I made this cake back in the 70's for my nephew, Charlie (TC-Tough Charlie), when he turned five years old. What a spectacular event. We served his favorite foods and the cake, which was frosted to resemble Big Bird's face. We played 'pin the tail on Big Bird', a game I designed. We found a stuffed Big Bird in a fireman's suit, a profession which fascinated Charlie at the time. We all had a terrific time and the cake was delicious! Decorating the cake with frosting to resemble feathers was a challenge for a beginner and it took me an entire day, but it was so much fun. The results were rewarding, and Charlie loved it. To make the same Big Bird, you would need the original or similar cake pan. However, as noted below, it would be fairly easy to use other cake pans and shape the cake yourself. This cake makes a delicious presentation in any shape or form for any special event with a large gathering.

Ingredients

Big Bird Cake Recipe Photo    Cake
  • 4 cups sifted all-purpose flour
  • 2 teaspoons baking powder
  • 1 teaspoon salt
  • 1/2 teaspoon mace (see notes below)
  • 2 cups butter, preferably unsalted, room temperature
  • 1 tablespoon vanilla
  • 2-1/4 cups granulated sugar
  • 8 large eggs, room temperature
  • 1/2 cup milk, room temperature
   Frosting
  • 1/2 cup butter, preferably unsalted, room temperature
  • 1/2 cup solid shortening, preferably non-hydrogenated (see notes below)
  • 1-1/2 teaspoon vanilla
  • 5 cups confectioners' sugar
  • 2 tablespoons milk
  • Food coloring, as desired

To make the cake, preheat oven to 300° F. Grease and flour a Big Bird cake pan, or four 9-inch round layer cake pans, or two 13x9x2-inch cake pans. Sift together the flour, baking powder, salt and mace. Cream butter and vanilla. Gradually add sugar, beating until fluffy. Add eggs, one at a time, beating until light and fluffy. Add flour mixture, alternating with milk, mixing only until smooth. Pour into prepared pans. Bake for 50-60 minutes. (If baking in several pans, increase temperature to 350° F and decrease time to approximately 30 minutes for 9-inch layer cake pans or 35 minutes for 13x9x2-inch cake pans.) Cool for 20 minutes in pans. Remove cakes from pans and cool completely on racks.

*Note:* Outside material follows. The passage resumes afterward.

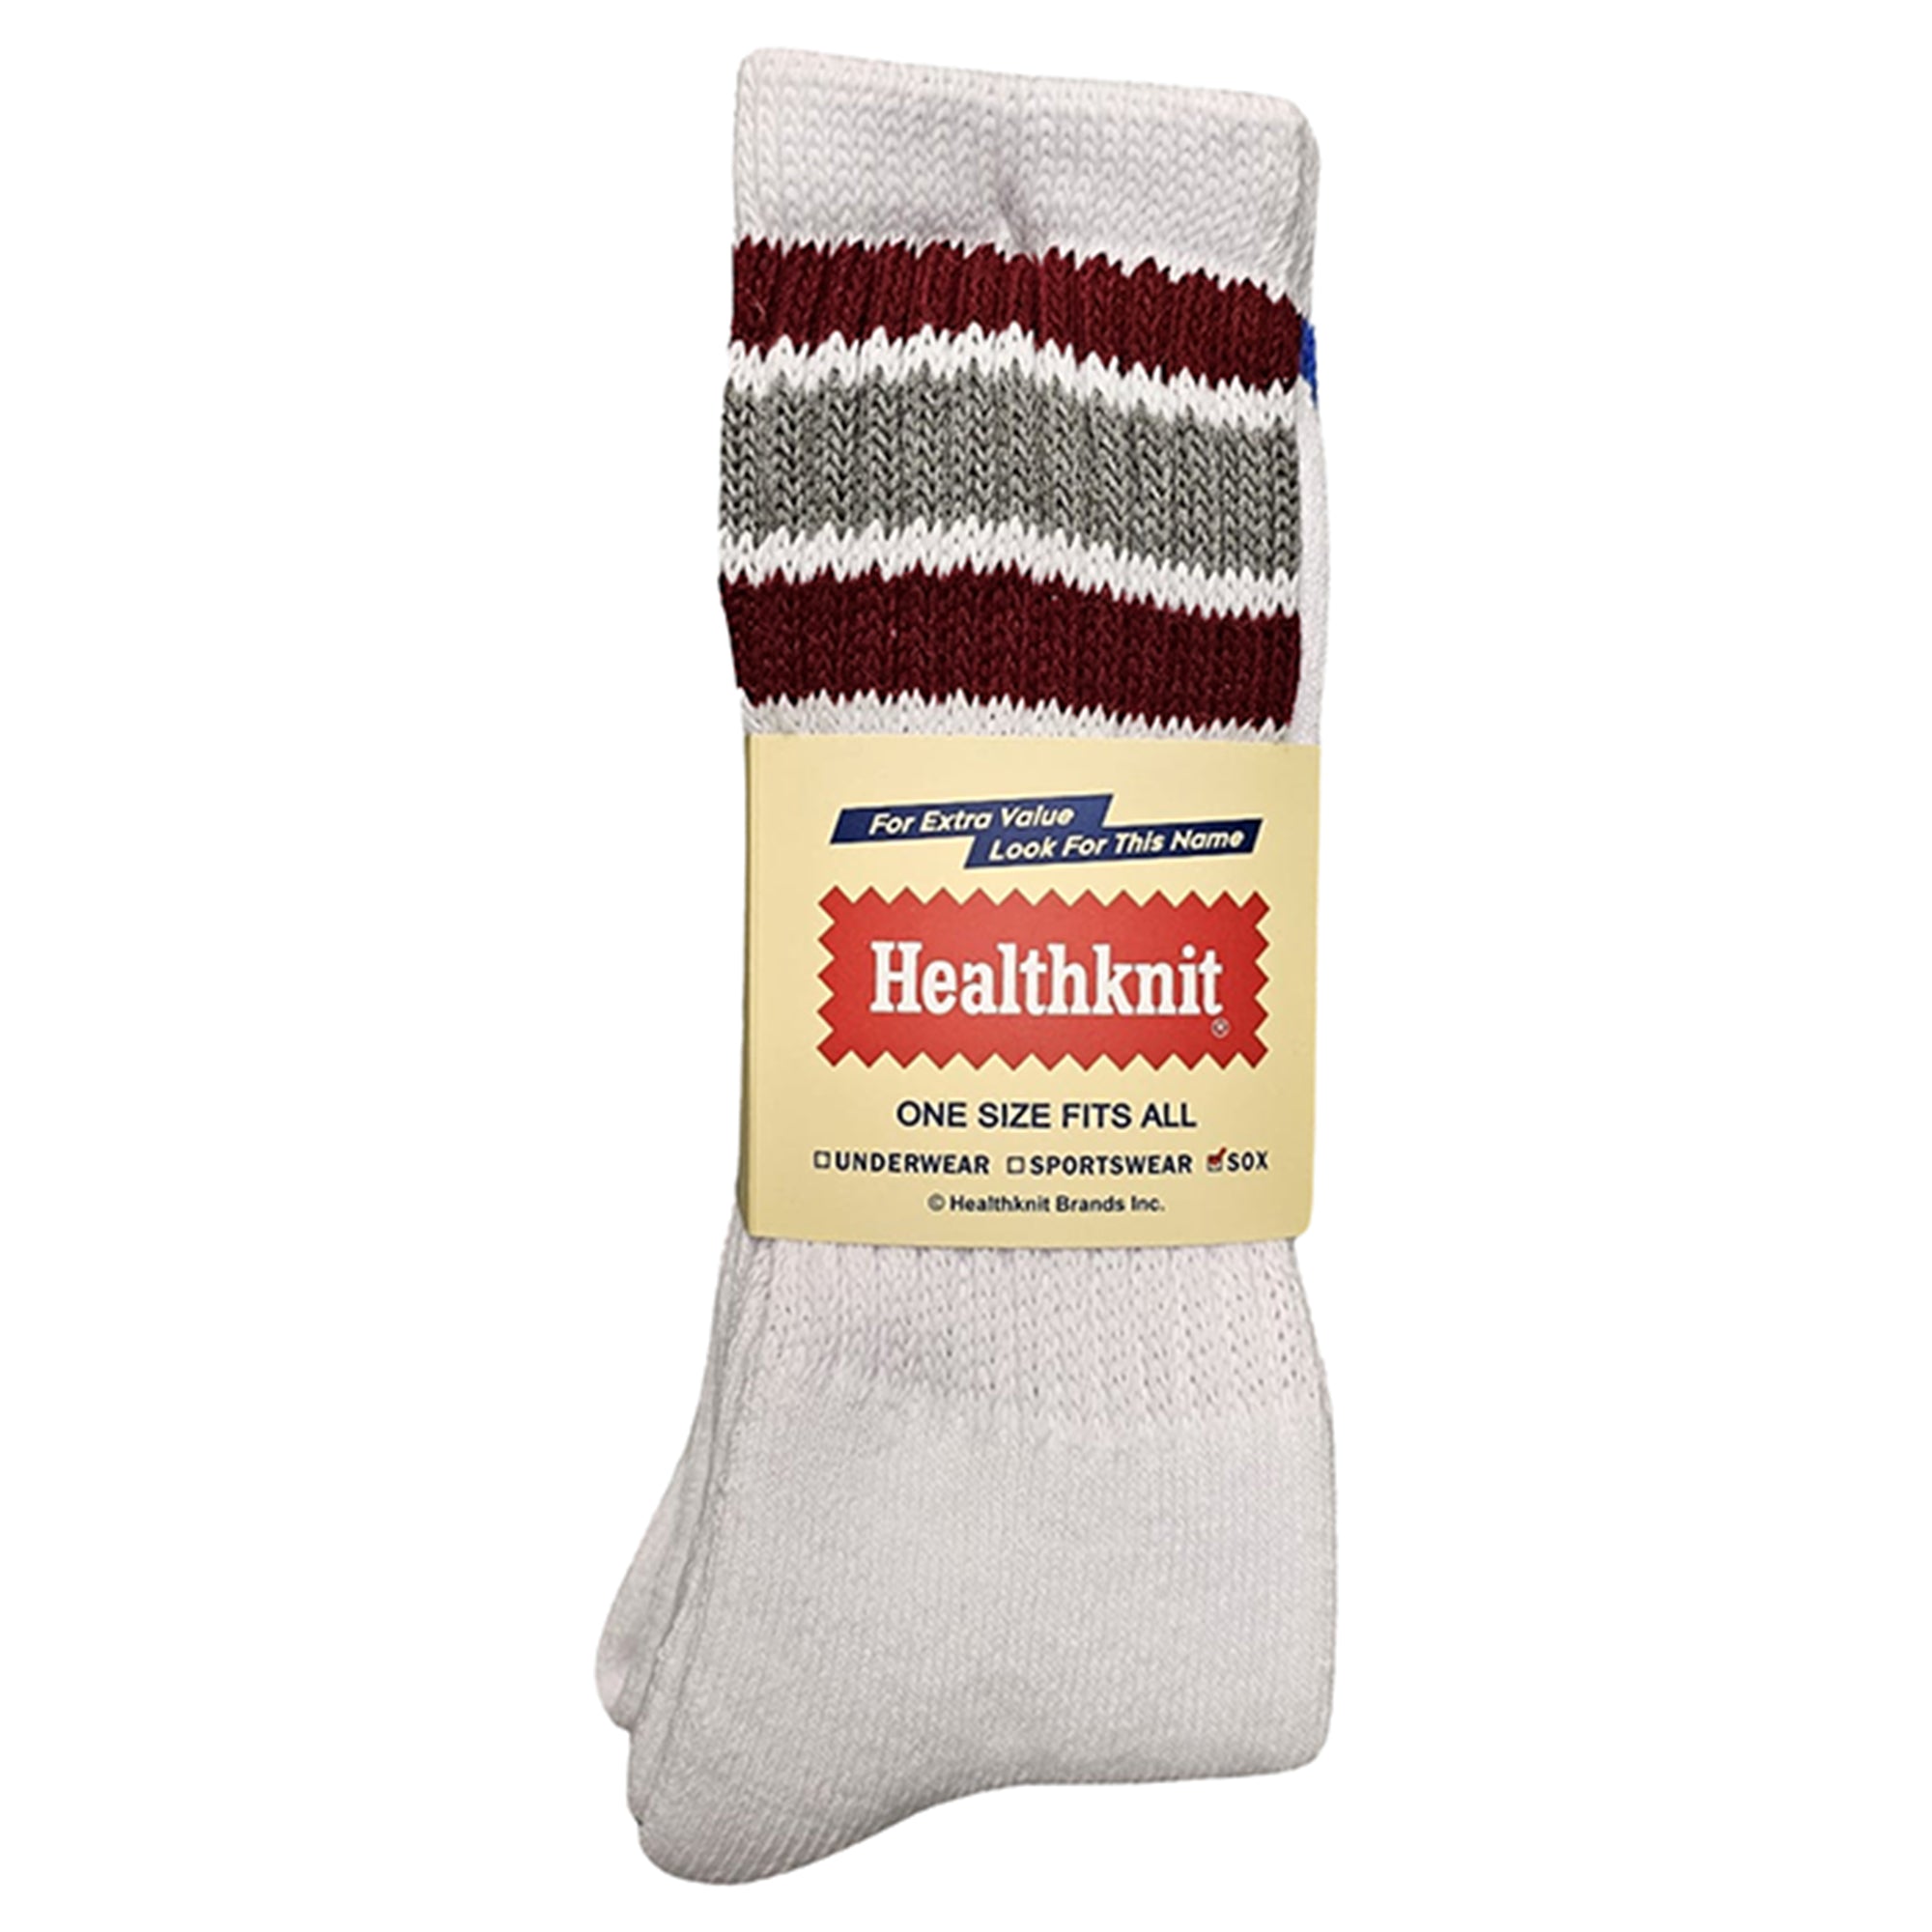 Healthknit Socks 3 Pack - White / Multi Stripe

Meanwhile, make the frosting. Cream butter and shortening with mixer. Add vanilla. Gradually add sugar, 1 cup at a time, beating on medium speed. Scrape side. Frosting will appear stiff. Add milk and beat at high speed until light and fluffy. Frost cooled cake. (Can double recipe for extra cake layers, adding milk gradually until light and fluffy. Extra cakes can be frozen for later use, frosted or not. Wrap first in two layers of plastic wrap, then one layer of aluminum foil.)

Notes: Mace adds a hint of flavor to the cake, but it can be omitted. The shortening in the frosting can be replaced with an aditional 1/2 cup butter. If you have a little too much batter for whichever pans you use, make some cupcakes using paper liners in a muffin tin. They can be frozen for later, or use them to hold the appropriate number of candles and arrange them around the main cake (see photo).